:: The data ::

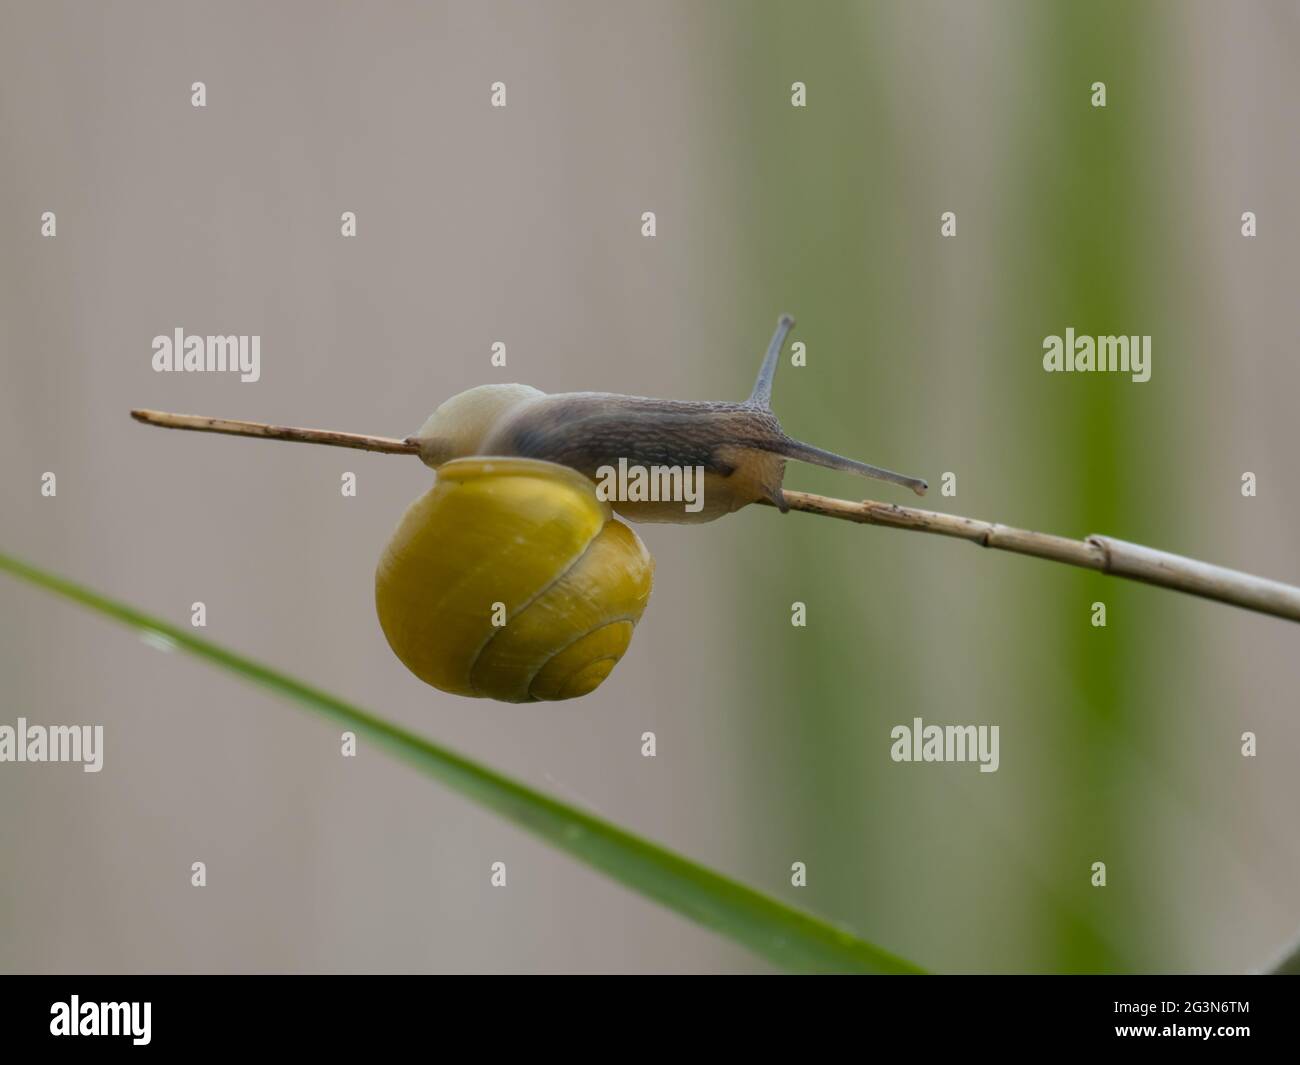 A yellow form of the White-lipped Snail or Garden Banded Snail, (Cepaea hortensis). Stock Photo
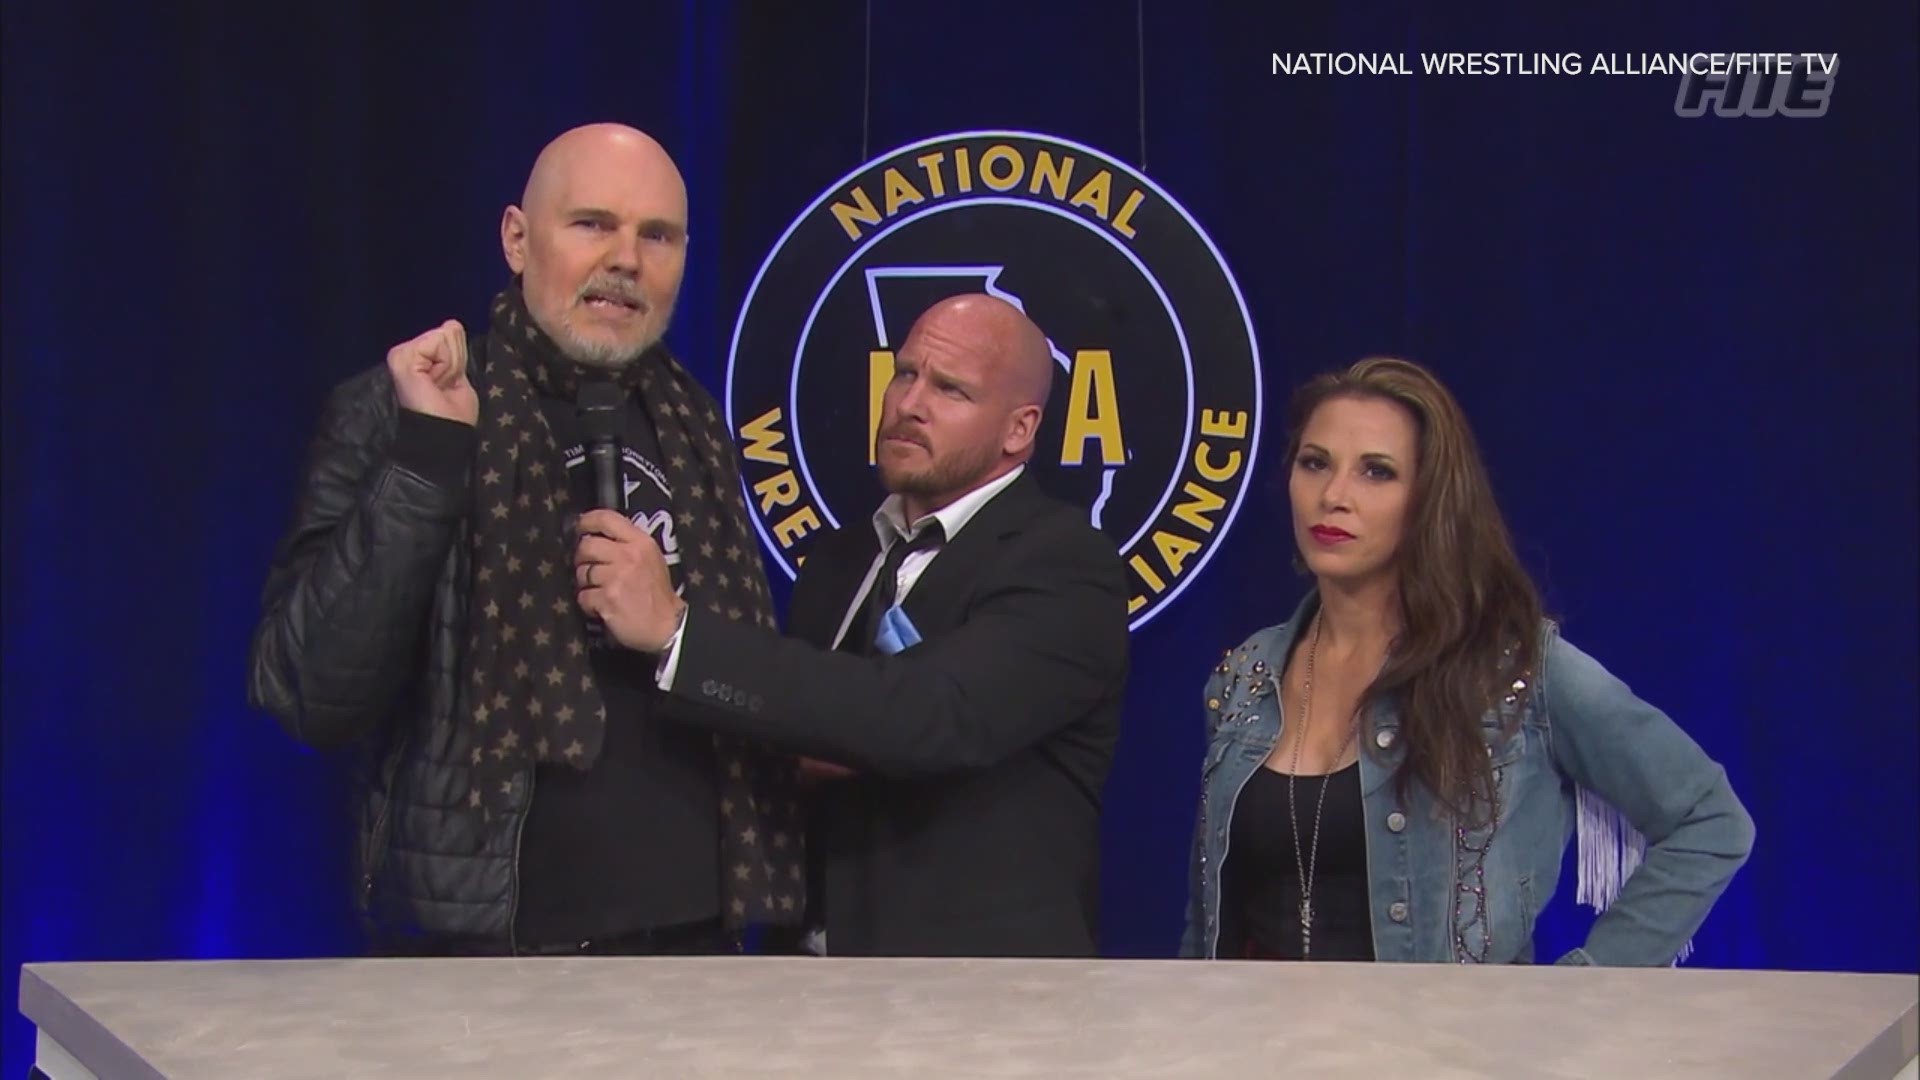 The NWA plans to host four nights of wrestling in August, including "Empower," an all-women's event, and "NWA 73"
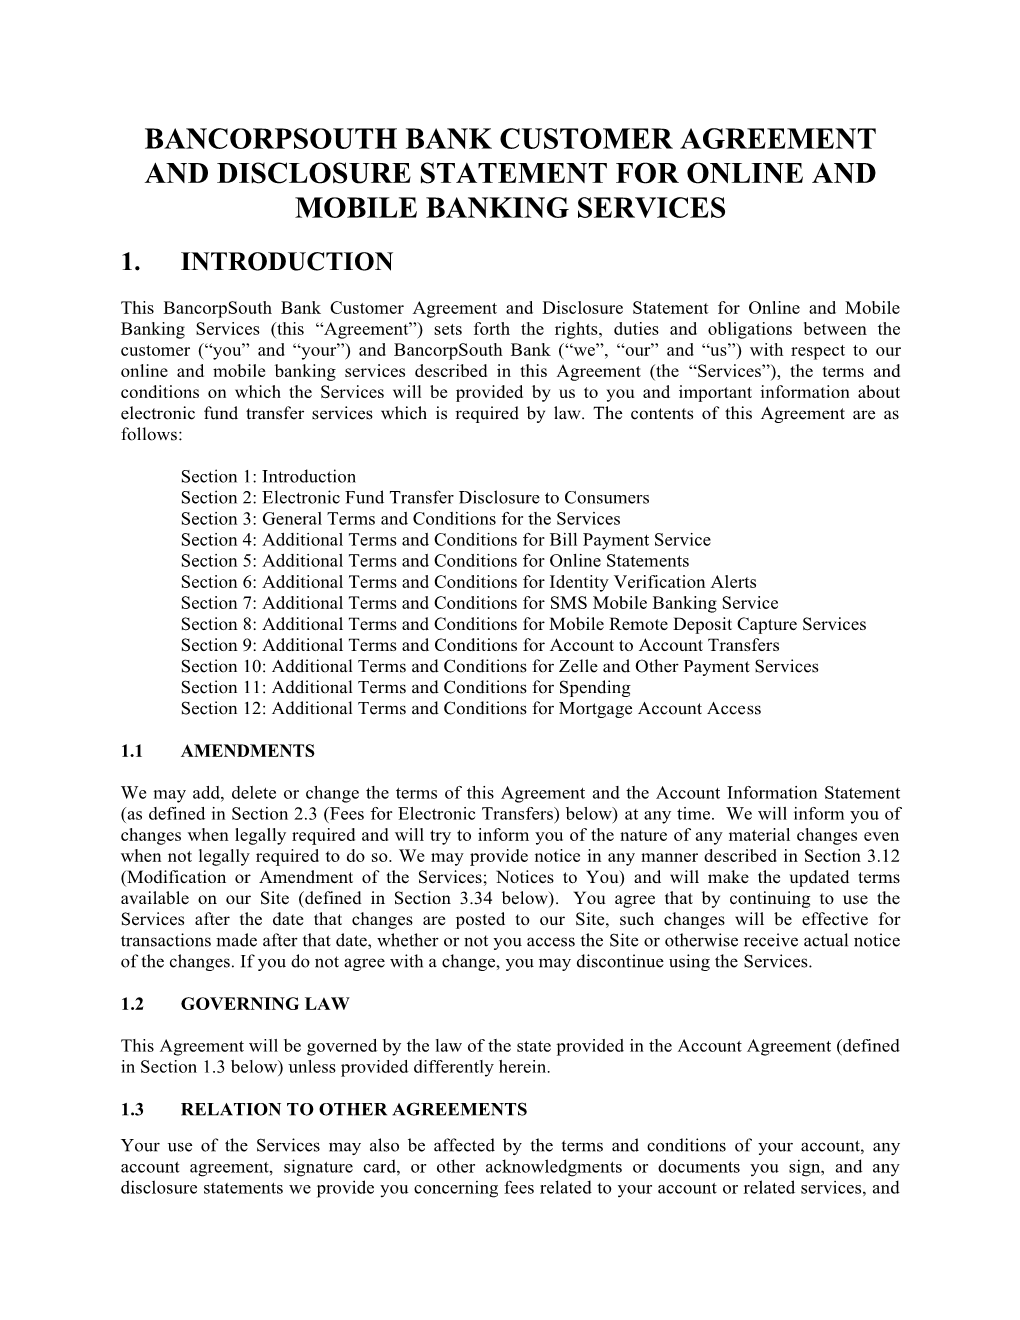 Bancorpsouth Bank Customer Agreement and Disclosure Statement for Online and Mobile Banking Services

:::

> [Problem to work on]: Leaving aside every picture, transcribe exactly the lines that run from the one with "The NWA plans" to the close of the listing above.

> [Response box]:
 The NWA plans to host four nights of wrestling in August, including "Empower," an all-women's event, and "NWA 73"
 Bancorpsouth Bank Customer Agreement and Disclosure Statement for Online and Mobile Banking Services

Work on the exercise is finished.